Nochmal blöd nachgefragt ; Meint Ihr mit NOK den Nord- Ostseekanal?


----------



## noroc (7. April 2004)

*AW: Brassen im NOK*

@ all

danke für die Hilfe

@Norwegenprofi 


Danke für diese super dolle Erklärung!!

Gruss

noroc


----------



## lattenputzer (8. April 2004)

*AW: Brassen im NOK*

Vielen Dank für die Antworten,
@Dorschi
es ist genau der "Nord-Ostsee-Kanal" gemeint, der von der Elbe bei Brunsbüttel über 99 km durch Schleswig-Holstein bei Kiel in die Ostsee führt.
Zur Charakteristik ist anzumerken, dass er überwiegend 162m breit ist und eine Sohlentiefe von 11m hat. weitere Infos hier http://www.rendsburg.de/touristik/nok_infomation.html
Insbesondere bei größeren Schiffen wird der Anfutterplatz durch die starke Sogwirkung häufig in "alle Winde" zerstreut. Er ist zwar ein sehr vielseitiges Angelrevier, erfordert aber auch spezielle Techniken auf bestimmte Zielfische. Von daher sind die bisherigen Tipps zwar grundsätzlich brauchbar und für unser Vereinsgewässer (See) auch hilfreich, im NOK aber kaum erfolgversprechend. Beim Futter z.B. braucht man m.E. eine Konsistenz, die erst nach 5m, 7m oder 11m Wassertiefe eine Auflösung des Ballens bewirkt, da das Futter auf Grund der häufig vorhandenen Strömung ansonsten sonstwo landet, nur nicht am eigenen Angelplatz. An ein Verlegen des Platzes ist bei einem Gemeinschafts(Hege)angeln mit ausgelosten Plätzen auch nicht zu denken. 
Ich hatte erwartet, dass sich speziell (einheimische) Kenner des Gewässers zu den Fragen äußern würden. Vielleicht klappt es ja noch.
 #v


----------



## kiepenangler (30. Mai 2005)

*AW: Brassen im NOK*

moin moin

ich habe demnächst ein angeln im nok bei hohrnhörn, habe aber keine ahnung von dem gewässer. also ich wollte mit der feederrute angeln. 

1. welche gewichte müssen die futterkörbe haben?
2. wie weit muss ich raus?( gibt es da eventuell kanten oder rinnen)
3. welches futter? habe da an sehr stark bindendes futter gedacht.

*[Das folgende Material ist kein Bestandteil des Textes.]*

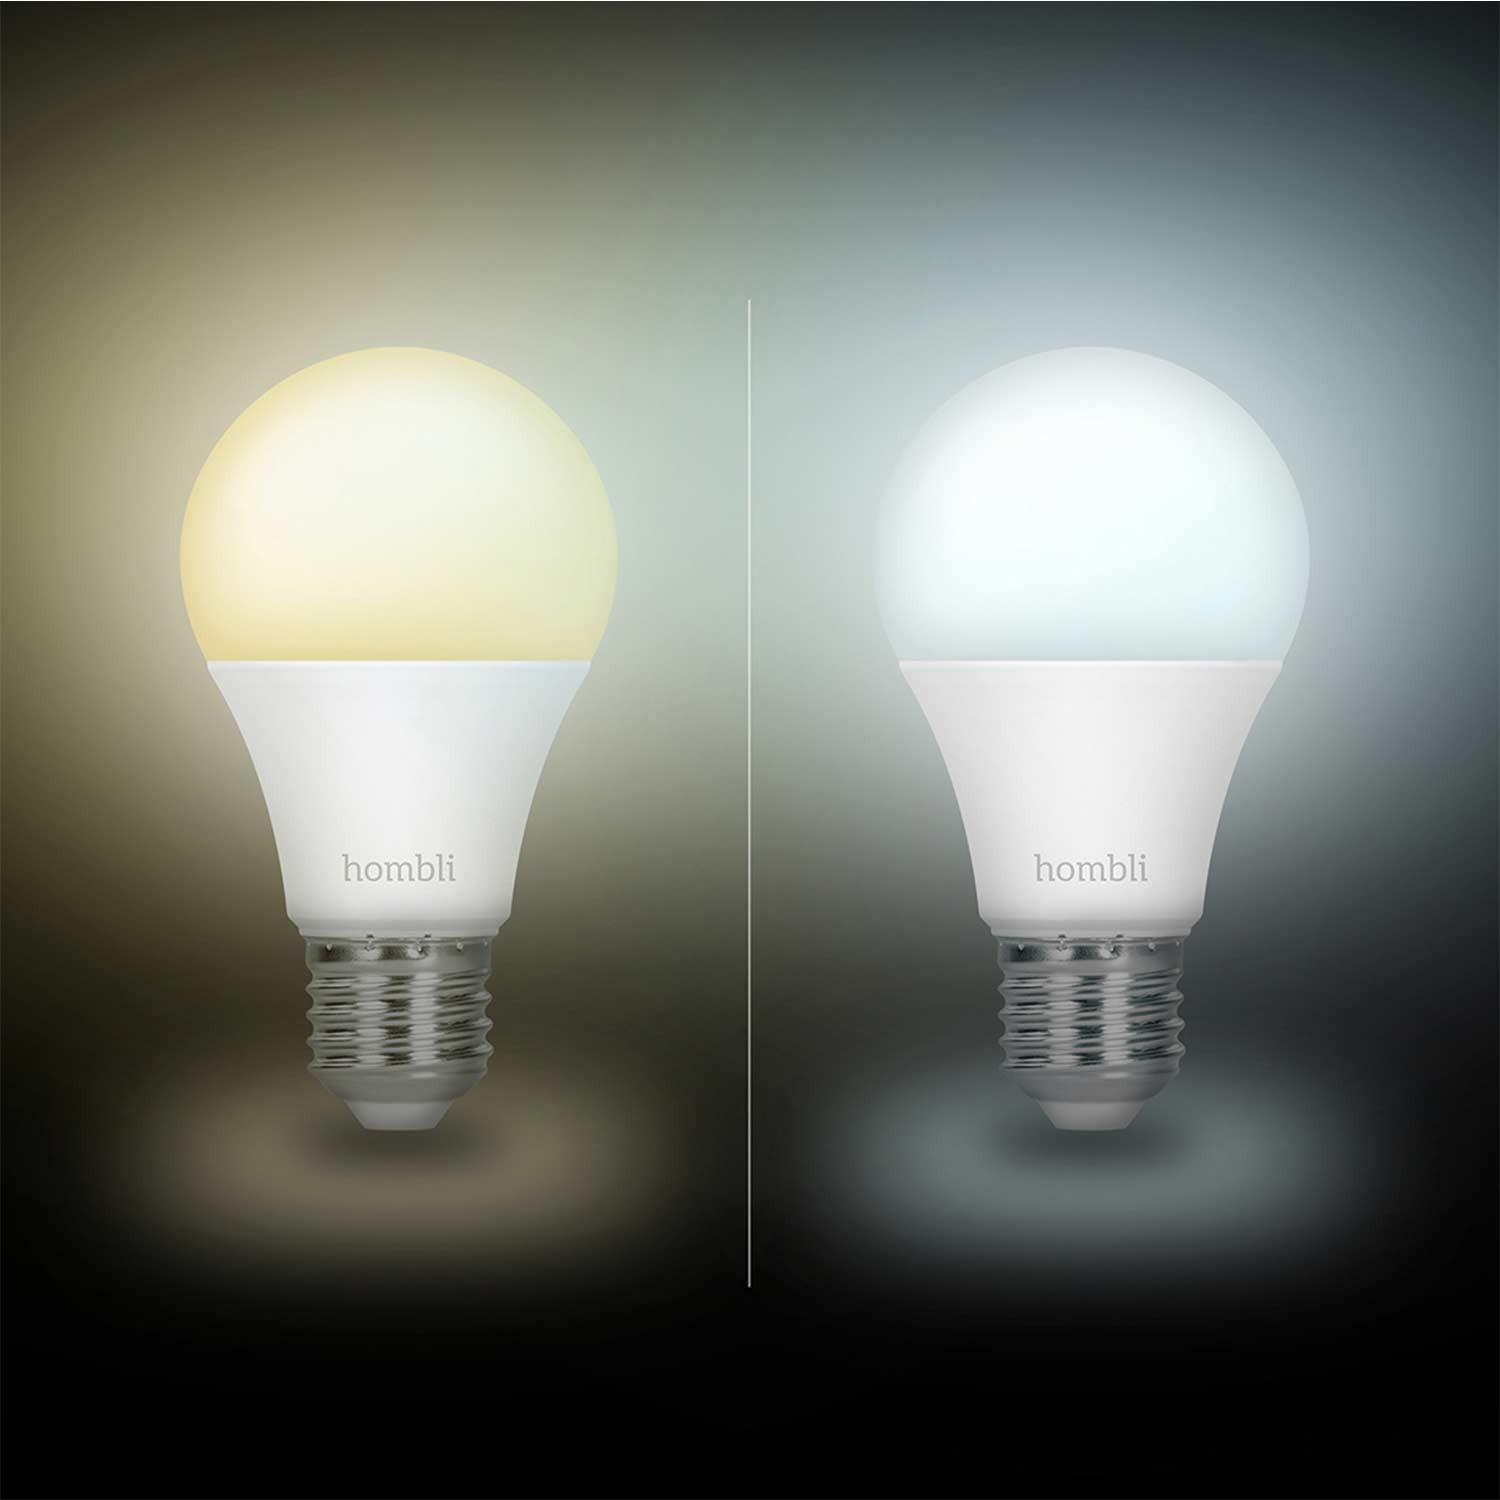 Hombli Smart Bulb E27 White-Lampe 3er-Set + gratis Smart Bulb E27 White 3er-Set - Ambient

würde mich noch über viele tips freuen.

gruß
kiepenangler


----------



## **no name** (31. Mai 2005)

*AW: Brassen im NOK*

*Also ich hab zwar schon öfter im NOK geangeln, gehöre aber sicher nicht zu den Friedfisch Spezi´s dort. Grundsätzlich gibt es aber zwei  Möglichkeiten dort zu angeln. Entweder mit der langen Stippe (über 10m, besser sogar 12m und mehr) verkürzt, also mit abziehen direkt hinter der Steinpackung angeln oder aber mit der Feeder etwas weiter draußen. Beim Feedern würde ich sagen man angelt am besten auf der Kante bei 30-40 Metern (ist meine eigene Meinung, gibt aber sicher 100 verschiedene Meinungen) Futterkörbe reichen eigentlich vorbebleite von 30g-60g denn bei Schiffsverkehr würden selbst 100g Körbe nicht am Platz bleiben.Und beim Futter zum feedern würde ich eigentlich von zu stark bindendem Futter abraten, denn wenn das Futter am Grund nicht zügig aus dem Futterkorb freigegeben wird hat das eher Nach- als Vorteile. Speziell am Kanal wird aber häufig mit sehr großen Futterkörben (Coladosen-Format) an einer seperaten Rute (Pilkrute) ,die auf die selbe Entfernung geklipt wird wie die Feederrute, vor und während des Angelns zusätzlich gefüttert. Denn nach Schiffsverkehr ist am Futterplatz wohl nicht mehr viel vom Futter zu finden...*
*Hoffe ich konnte erstmal etwas weiterhelfen, dann viel Spaß beim angeln dort....   *


----------



## kiepenangler (31. Mai 2005)

*AW: Brassen im NOK*

jo, danke hast mir schon weiter geholfen#6


----------